Чтобы скоротать время, они предаются тому, что, судя по всему, является самым популярным занятием в Американских экспедиционных силах после игры в кости — отращиванию усов. Не думаю, что в роте есть хоть один человек, кроме Каммингса и Маджиони, кто не испытал бы в этом удачу. Иногда кажется, что эпидемия молодых усов вспыхивает буквально за одну ночь. Младшие лейтенанты тщетно насмехаются и острит. Есть одно отделение, которое торжественно поклялось не брить усы, пока они не «закатают кайзера в банку»; но по большей части эти маленькие «Чарли» — вещи мимолетные, которые приходят и уходят по прихоти владельца. Это меня очень путает, потому что не успею я запомнить парня с усами в лицо, как он их сбривает и меняется до неузнаваемости, так что мне приходится учить его заново. Но даже азарт отращивания усов, фотографирования и отправки снимка домой своей девушке в ожидании того, что она скажет, дает лишь короткую передышку. А когда это сделано, мы снова оказываемся лицом к лицу с суровой, чистой глупостью муштры и марш-бросков, марш-бросков и муштры, изо дня в день, из недели в неделю, в слякоти, грязи и под дождем.

«День прошел — и доллар в карман», — замечает мой друг мистер Брэди с философской покорностью, возвращаясь с ночного караула, с «Бетси-пырялкой», как он фамильярно называет свою винтовку, на плече.

«Когда я записывался в армию, я был полон патриотизма, — сетует парень менее стоического склада, — но с тех пор, как я попал сюда, скажу вам, мой патриотизм разлетелся вдребезги».

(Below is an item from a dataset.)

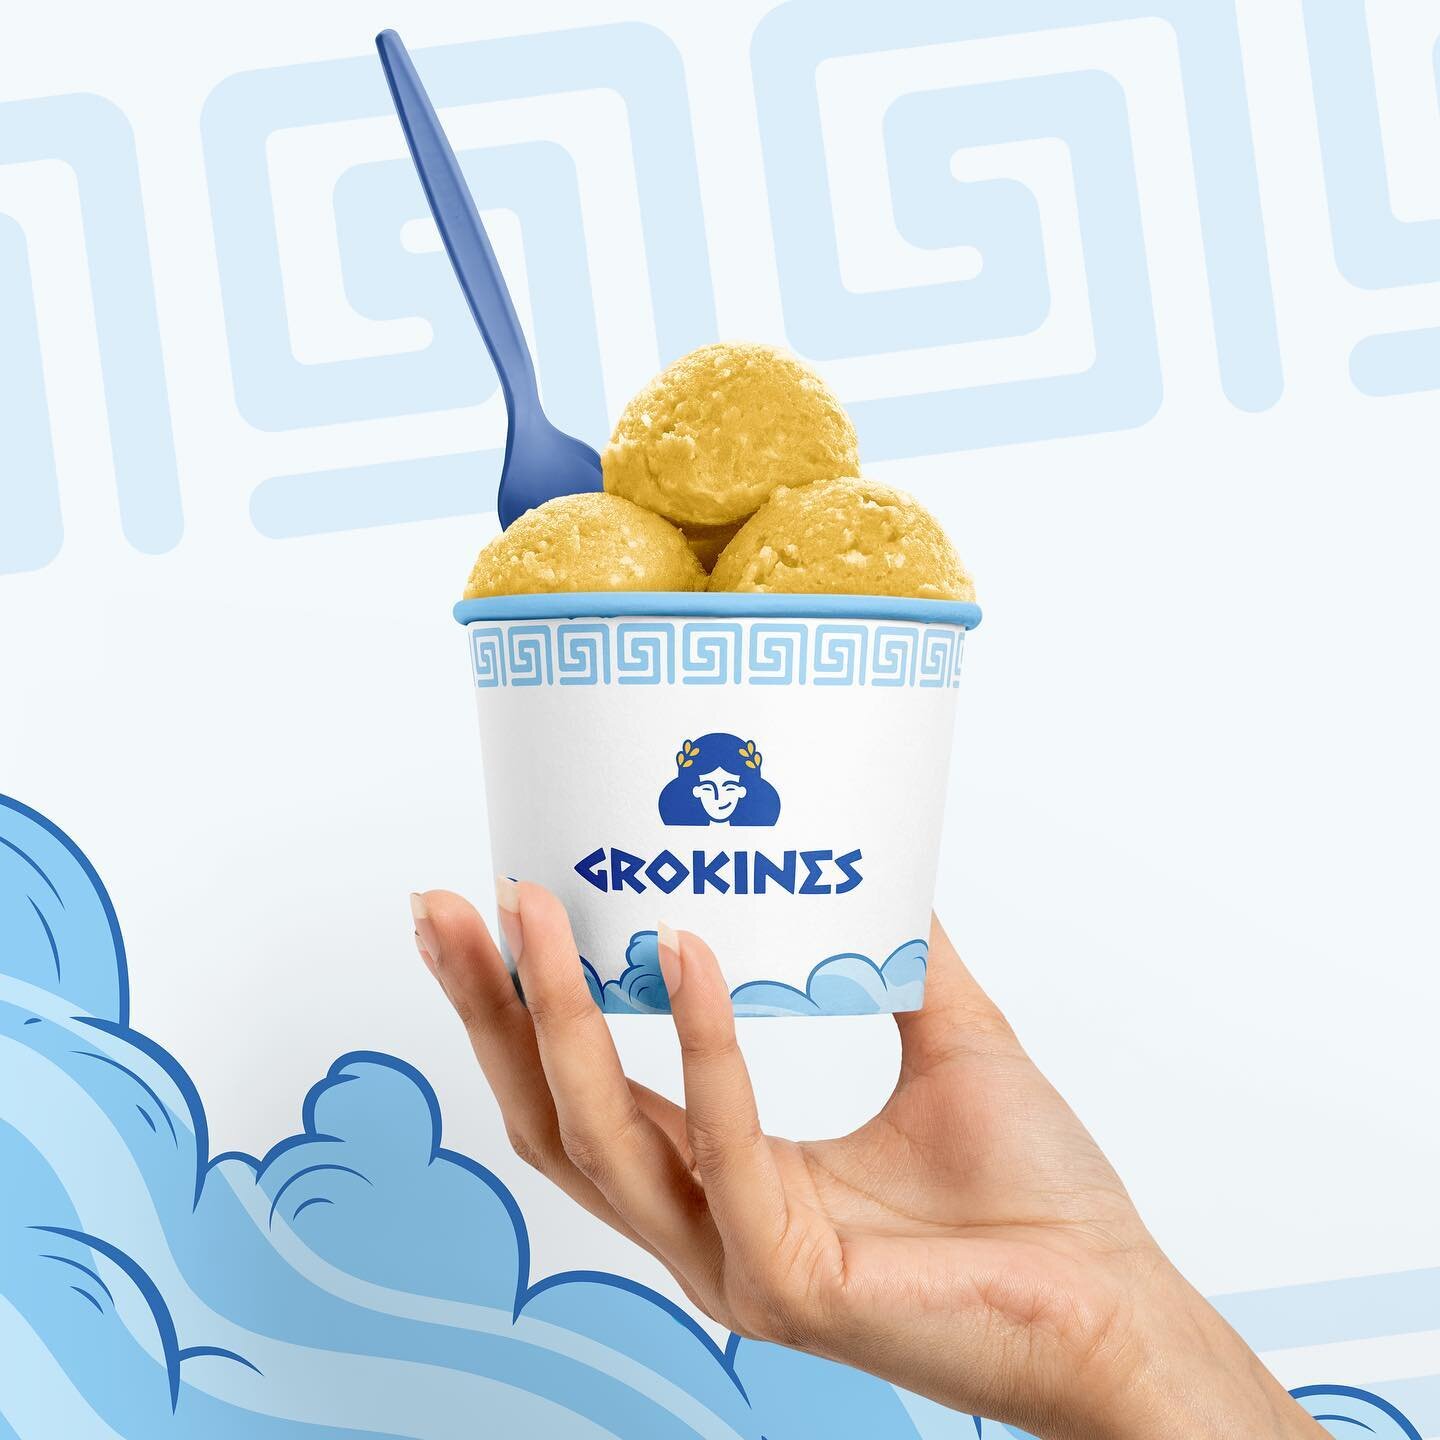 Branding voor ijssalon Grokines 🍦, waarbij een nieuwe Griekse godin tot leven komt! 🇬🇷

Een #branding #rebranding of #website nodig? Wij helpen je daarbij, let&rsquo;s meet up!

«Кто назвал эту землю "Солнечной Францией", хотелось бы знать?» — возмущенно спрашивает кто-нибудь, и этот вопрос обязательно звучит хотя бы раз в день.

«Я видел солнце всего два раза с тех пор, как приехал сюда, — пожаловался один парень, — и то оно было какое-то заплесневелое».

«На днях дождь перестал на целых три часа, — заметил другой, — и я написал домой своим, что у нас тут стоит долгая засуха».

В целом мы сейчас склонны крайне пессимистично смотреть на окружающую нас обстановку.

«Эта страна отстала от жизни на тысячу лет», — повторяют они, и кто может их винить, если они не видели во Франции ничего, кроме этих крошечных примитивных деревень, утопающих в грязи? «Она не стоит того, чтобы за нее воевать. Да если бы я владел этой страной, я бы отдал ее немцам и еще извинился перед ними».

«Дело не в стране, а в людях, которые в ней живут», — мрачно добавил другой парень.

А высокий кентуккиец заявил: «Когда я приехал во Францию, пределом моих мечтаний было убить немца. Теперь предел моих мечтаний — убить француза».

Что им можно сказать? Я тщетно пытаюсь утешить их, напоминая о хороших временах, которые наступят, когда мы все вернемся домой. Я рисую радужные картины грандиозного парада дивизии по Пятой авеню, но они настроены скептически.

«Ха! Это не для нас! Вся шумиха будет для Национальной гвардии и призывников. Кадровым военным никогда не достается никакой славы».

Затем кто-то начинает напевать песню, в которой есть такие слова:

“O why didn’t I wait to be drafted?

Why didn’t I wait to be cheered?”

«Ну, я скажу всему миру, что вы заслуживаете признания!»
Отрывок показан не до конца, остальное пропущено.